Copy out all of the data word for word. Omit every picture.

◆ **DATA**
***
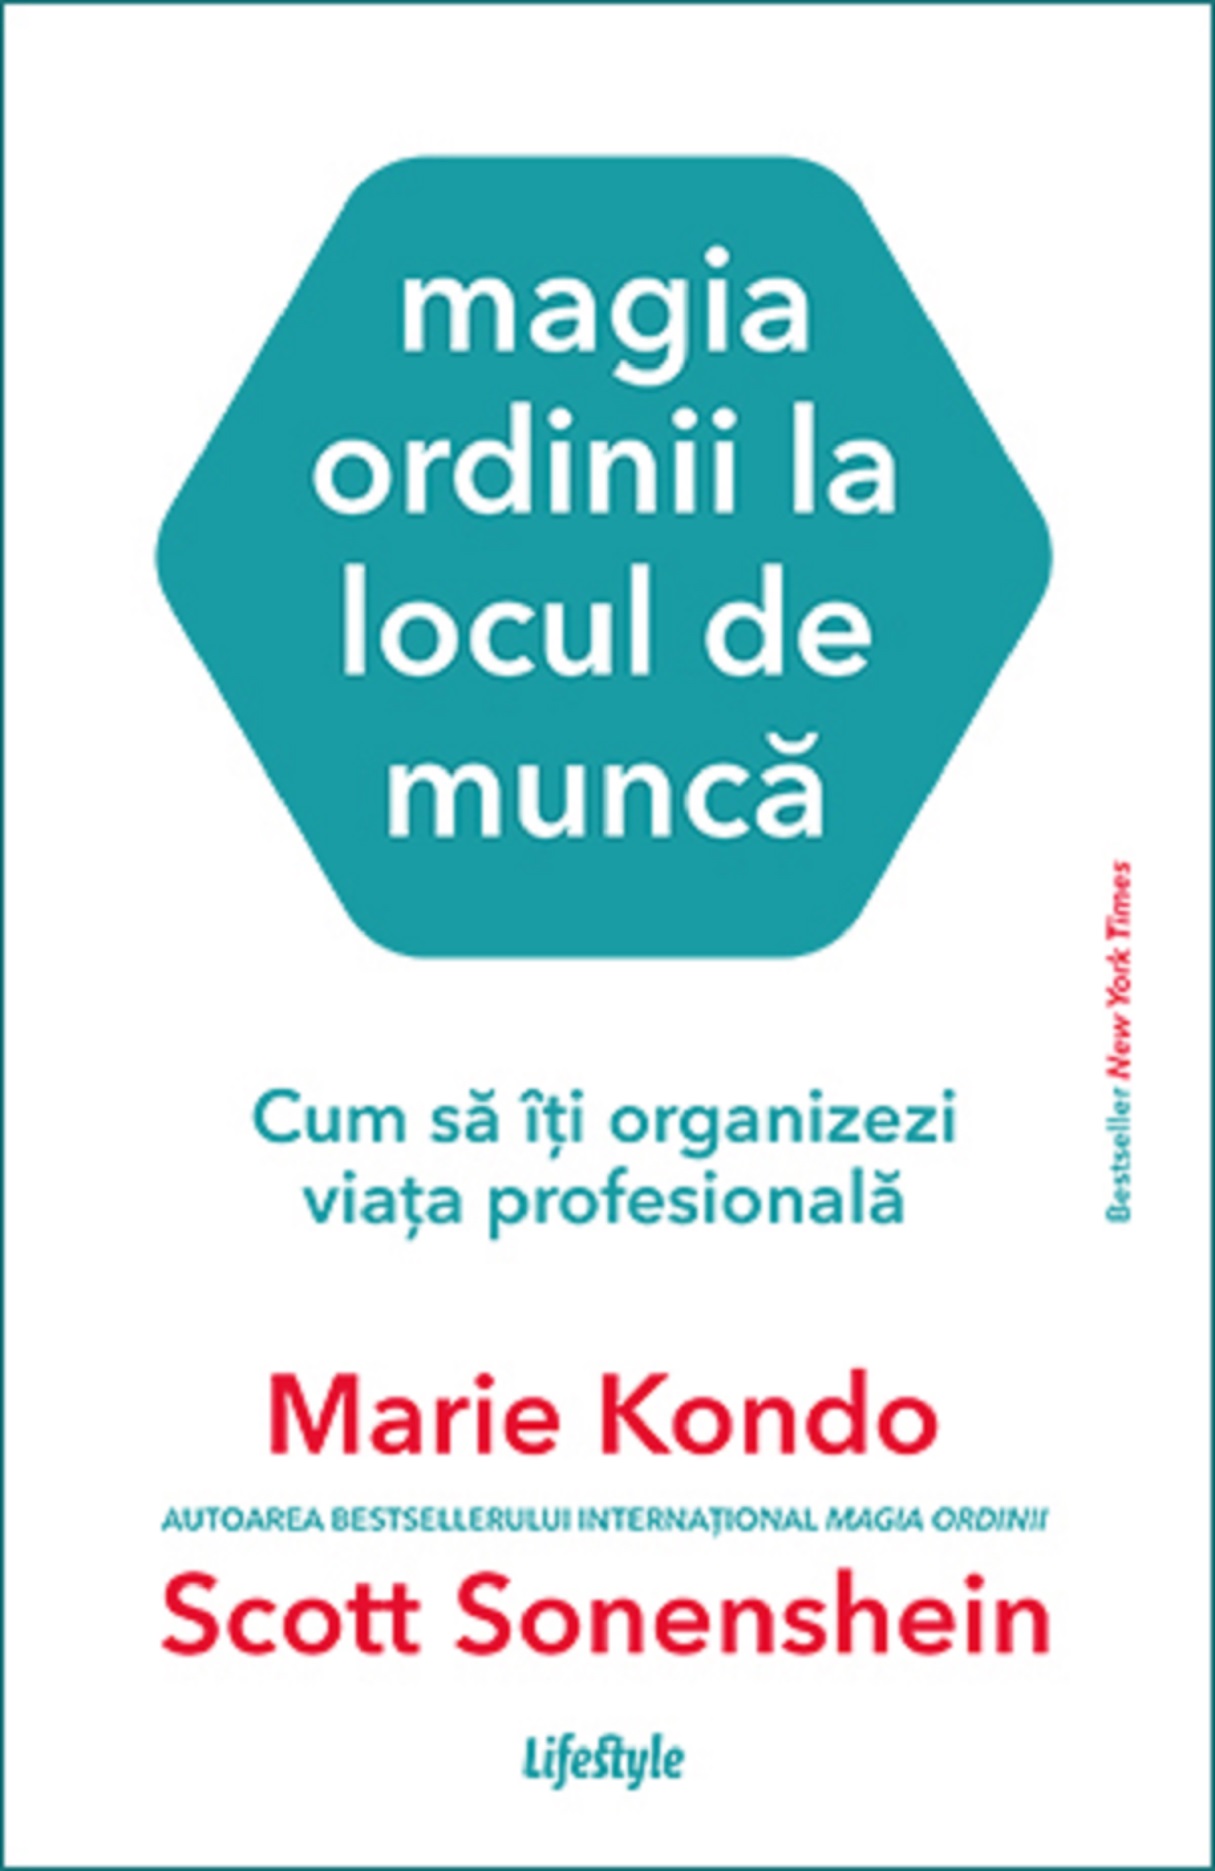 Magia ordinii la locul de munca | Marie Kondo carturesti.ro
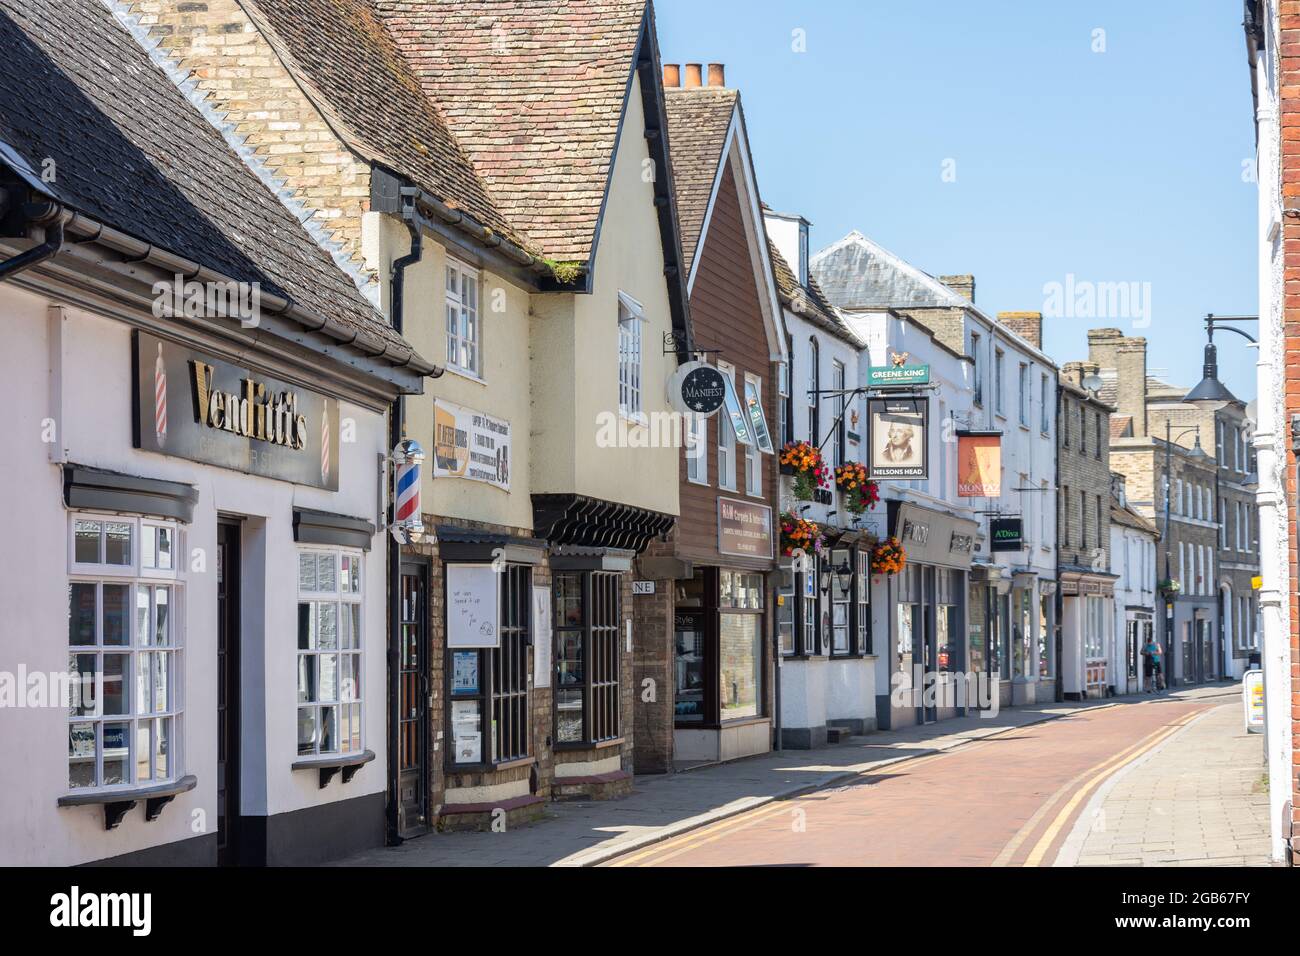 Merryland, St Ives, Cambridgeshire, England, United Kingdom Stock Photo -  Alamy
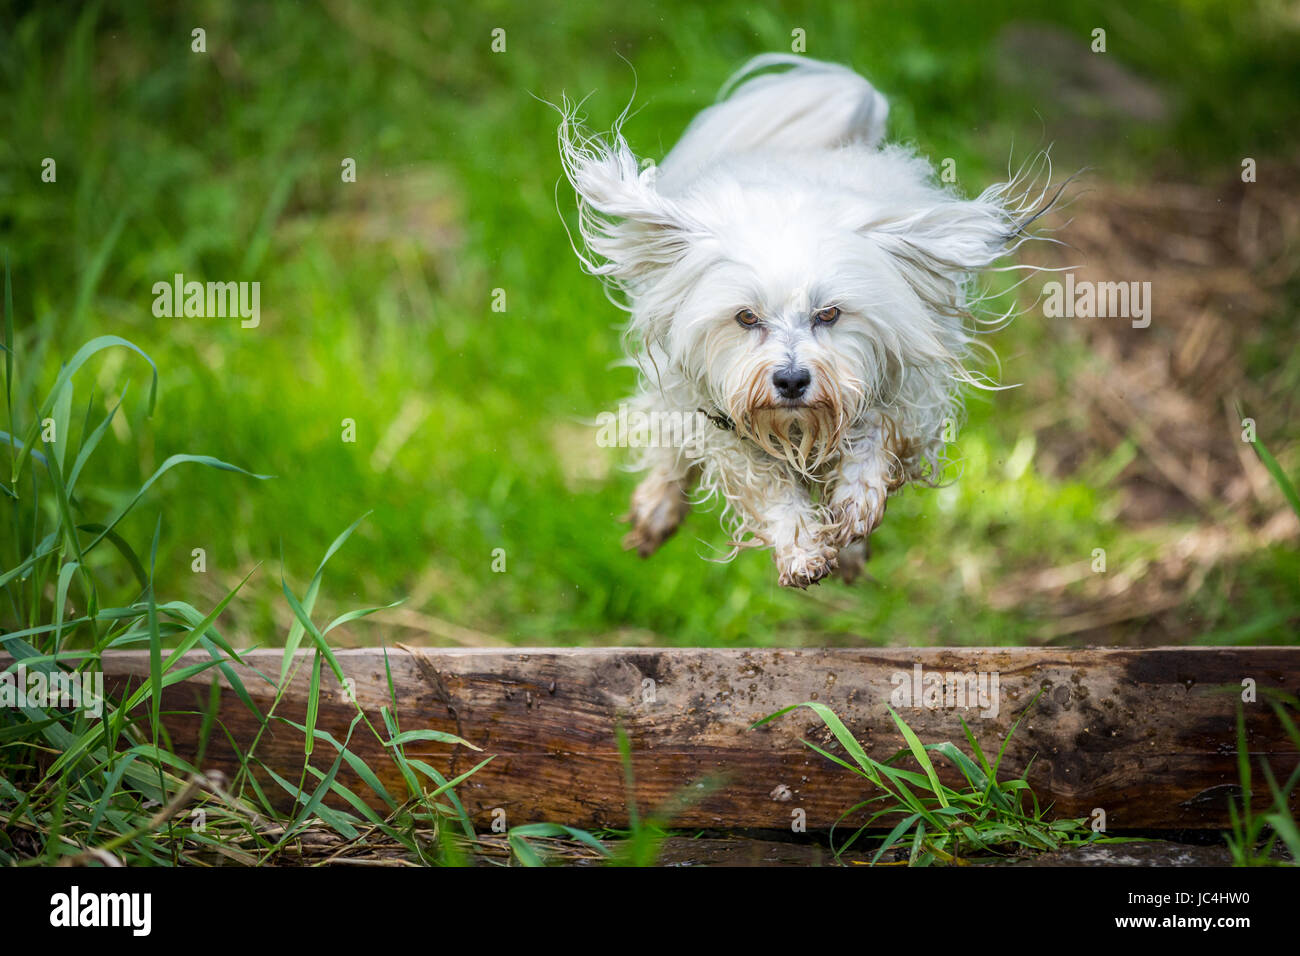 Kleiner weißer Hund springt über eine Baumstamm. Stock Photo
***
◆ **EXPECTED ANSWER**
 Magia ordinii la locul de munca | Marie Kondo carturesti.ro
 Merryland, St Ives, Cambridgeshire, England, United Kingdom Stock Photo -  Alamy
 Kleiner weißer Hund springt über eine Baumstamm. Stock Photo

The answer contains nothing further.